Dark Days for Medical Research

http://www.theatlantic.com/health/archive/2013/10/dark-days-for-medical-research/280205/

Dark Days for Medical Research
Between the sequester and the shutdown, repeated hits to research funding may have serious consequences for scientific advancement.
Mark Micheli Oct 2 2013, 5:08 PM ET


snip//


Sequestration was painful enough for the medical research community. As a result of the budget cuts, the life sciences are projected to lose 20,500 jobs this year. NIH’s fiscal 2013 budget fell by $1.71 billion, or 5.5 percent. “That’s the size of my whole budget for a year,” said Dr. Story Landis, referring to the $1.6 billion budget she oversees as Director of the Institute of Neurological Disorders and Stroke. If sequestration is not reversed, NIH could lose $19 billion over the next decade. And after 10 years of flat budgets worn away by inflation, the NIH’s purchasing power has been cut by almost 25 percent compared to a decade ago—a weakened stature that is a far cry from the period between 1998 and 2003, when the NIH budget was doubled.
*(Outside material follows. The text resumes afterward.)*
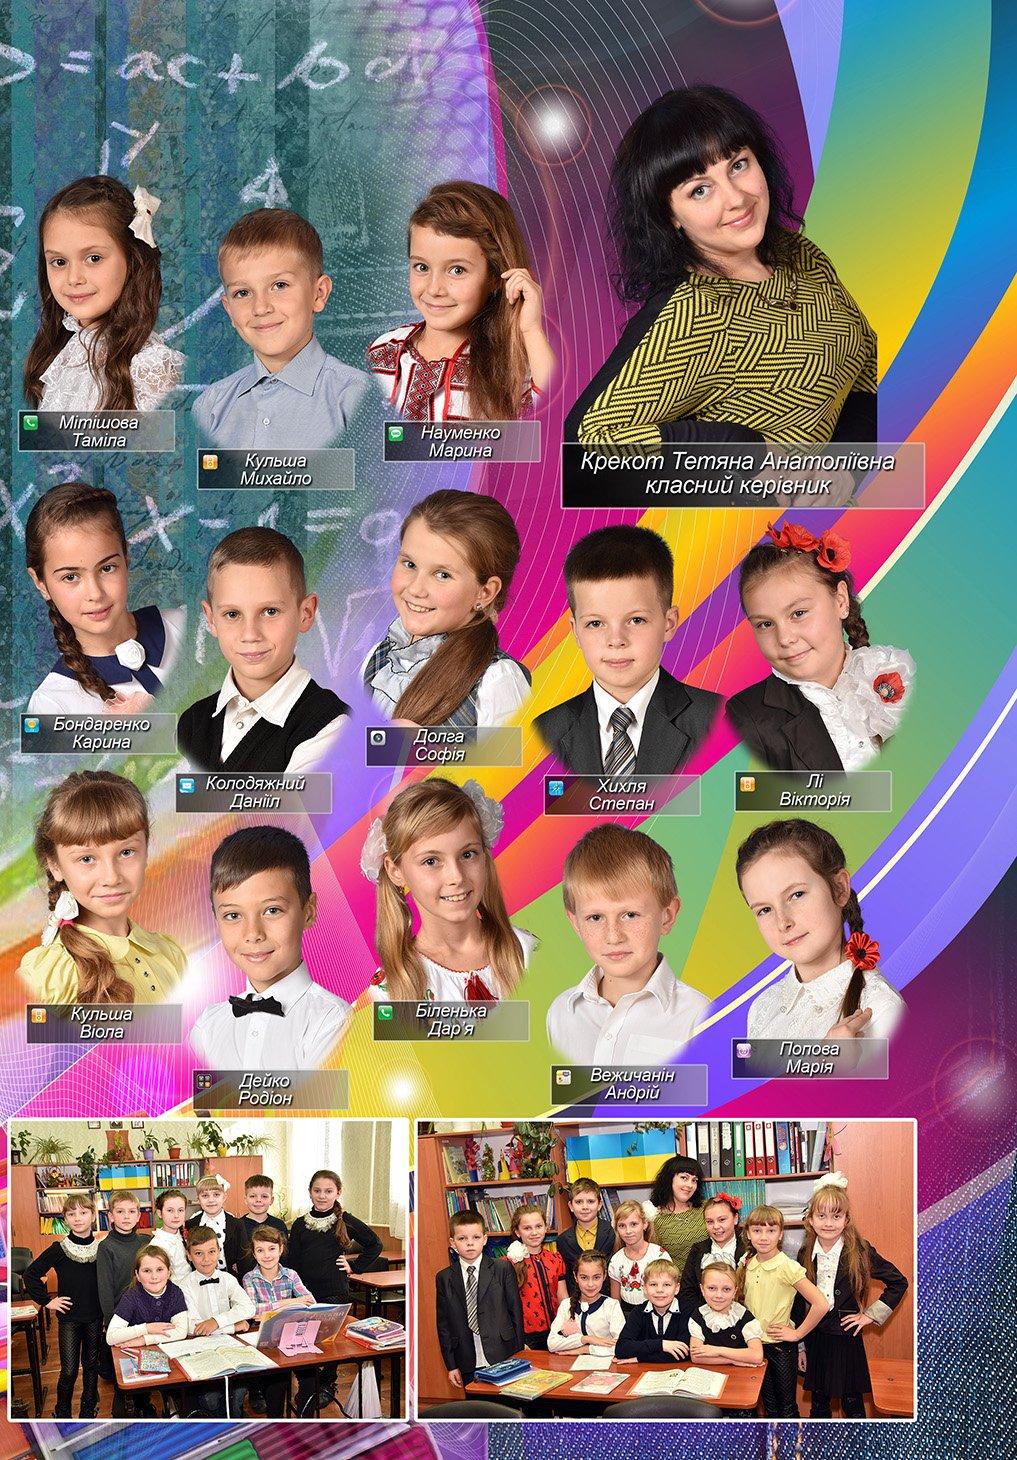 https://school-photo.com.ua/wp-content/uploads/2017/07/03-15.jpg

Now, until the government reopens, the NIH will halt action on grant applications and awards—meaning all new medical research is grounded—and the NIH Clinical Center will not admit new patients.

snip//

Accounting for the sequester, Collins recently told Congress that NIH intends to award 650 fewer grants, compared with 2012, any number of which he contends could have led to a significant discovery.

“It is hard to prove a negative,” said Collins. “We will not know what grant that was going to lead to the next breakthrough in cancer research didn't quite make the cut. We will not know what brilliant scientists, who were going to win a Nobel Prize, basically gave up because of the failure to get support from the current system and decided to do something else or move to another country. We won’t know. That is the sad tale that is wrapped up in all of this.”

Privately, those in Congress and at NIH hope the looming debt ceiling debate might present hope for restoring NIH’s funding. That a deal for NIH is possible. But with Washington’s dysfunction at an all time high, as evidenced by the shutdown, hope is fraying.

“It's unimaginable that our country, that prides itself on science, technology, innovation and reason, would have allowed this outcome to occur,” said Collins. “But here we are, I did not imagine this.”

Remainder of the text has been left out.